Entries taken from a collection

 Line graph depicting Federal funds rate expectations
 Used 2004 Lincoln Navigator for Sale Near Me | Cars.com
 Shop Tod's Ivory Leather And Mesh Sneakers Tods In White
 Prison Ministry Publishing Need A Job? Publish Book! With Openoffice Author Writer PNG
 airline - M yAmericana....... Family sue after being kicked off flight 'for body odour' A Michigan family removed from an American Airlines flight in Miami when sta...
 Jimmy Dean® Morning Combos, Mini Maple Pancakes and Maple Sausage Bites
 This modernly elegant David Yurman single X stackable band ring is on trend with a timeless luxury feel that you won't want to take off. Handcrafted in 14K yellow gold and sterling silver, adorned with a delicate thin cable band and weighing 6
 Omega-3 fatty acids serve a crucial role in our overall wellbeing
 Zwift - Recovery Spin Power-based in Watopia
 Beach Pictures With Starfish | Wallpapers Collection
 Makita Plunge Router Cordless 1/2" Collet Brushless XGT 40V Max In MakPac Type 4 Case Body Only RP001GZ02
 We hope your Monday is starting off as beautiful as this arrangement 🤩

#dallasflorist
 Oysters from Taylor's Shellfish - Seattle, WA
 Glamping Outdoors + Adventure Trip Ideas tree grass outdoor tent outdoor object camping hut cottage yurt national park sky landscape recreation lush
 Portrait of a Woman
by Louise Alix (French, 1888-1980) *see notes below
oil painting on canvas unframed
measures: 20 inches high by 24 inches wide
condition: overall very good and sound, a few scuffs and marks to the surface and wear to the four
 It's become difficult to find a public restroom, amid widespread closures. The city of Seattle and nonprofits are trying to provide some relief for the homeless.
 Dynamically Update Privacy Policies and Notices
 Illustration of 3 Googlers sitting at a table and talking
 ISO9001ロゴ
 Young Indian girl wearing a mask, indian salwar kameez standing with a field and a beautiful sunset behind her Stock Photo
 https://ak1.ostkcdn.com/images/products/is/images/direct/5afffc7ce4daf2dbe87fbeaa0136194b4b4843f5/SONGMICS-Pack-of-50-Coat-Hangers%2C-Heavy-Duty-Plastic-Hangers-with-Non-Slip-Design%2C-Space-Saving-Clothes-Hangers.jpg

> _TO DO_
Restate the line containing "#dallasflorist" and every remaining line of the records word for word. Add nothing.

> _SOLVED PROBLEM_
#dallasflorist
 Oysters from Taylor's Shellfish - Seattle, WA
 Glamping Outdoors + Adventure Trip Ideas tree grass outdoor tent outdoor object camping hut cottage yurt national park sky landscape recreation lush
 Portrait of a Woman
by Louise Alix (French, 1888-1980) *see notes below
oil painting on canvas unframed
measures: 20 inches high by 24 inches wide
condition: overall very good and sound, a few scuffs and marks to the surface and wear to the four
 It's become difficult to find a public restroom, amid widespread closures. The city of Seattle and nonprofits are trying to provide some relief for the homeless.
 Dynamically Update Privacy Policies and Notices
 Illustration of 3 Googlers sitting at a table and talking
 ISO9001ロゴ
 Young Indian girl wearing a mask, indian salwar kameez standing with a field and a beautiful sunset behind her Stock Photo
 https://ak1.ostkcdn.com/images/products/is/images/direct/5afffc7ce4daf2dbe87fbeaa0136194b4b4843f5/SONGMICS-Pack-of-50-Coat-Hangers%2C-Heavy-Duty-Plastic-Hangers-with-Non-Slip-Design%2C-Space-Saving-Clothes-Hangers.jpg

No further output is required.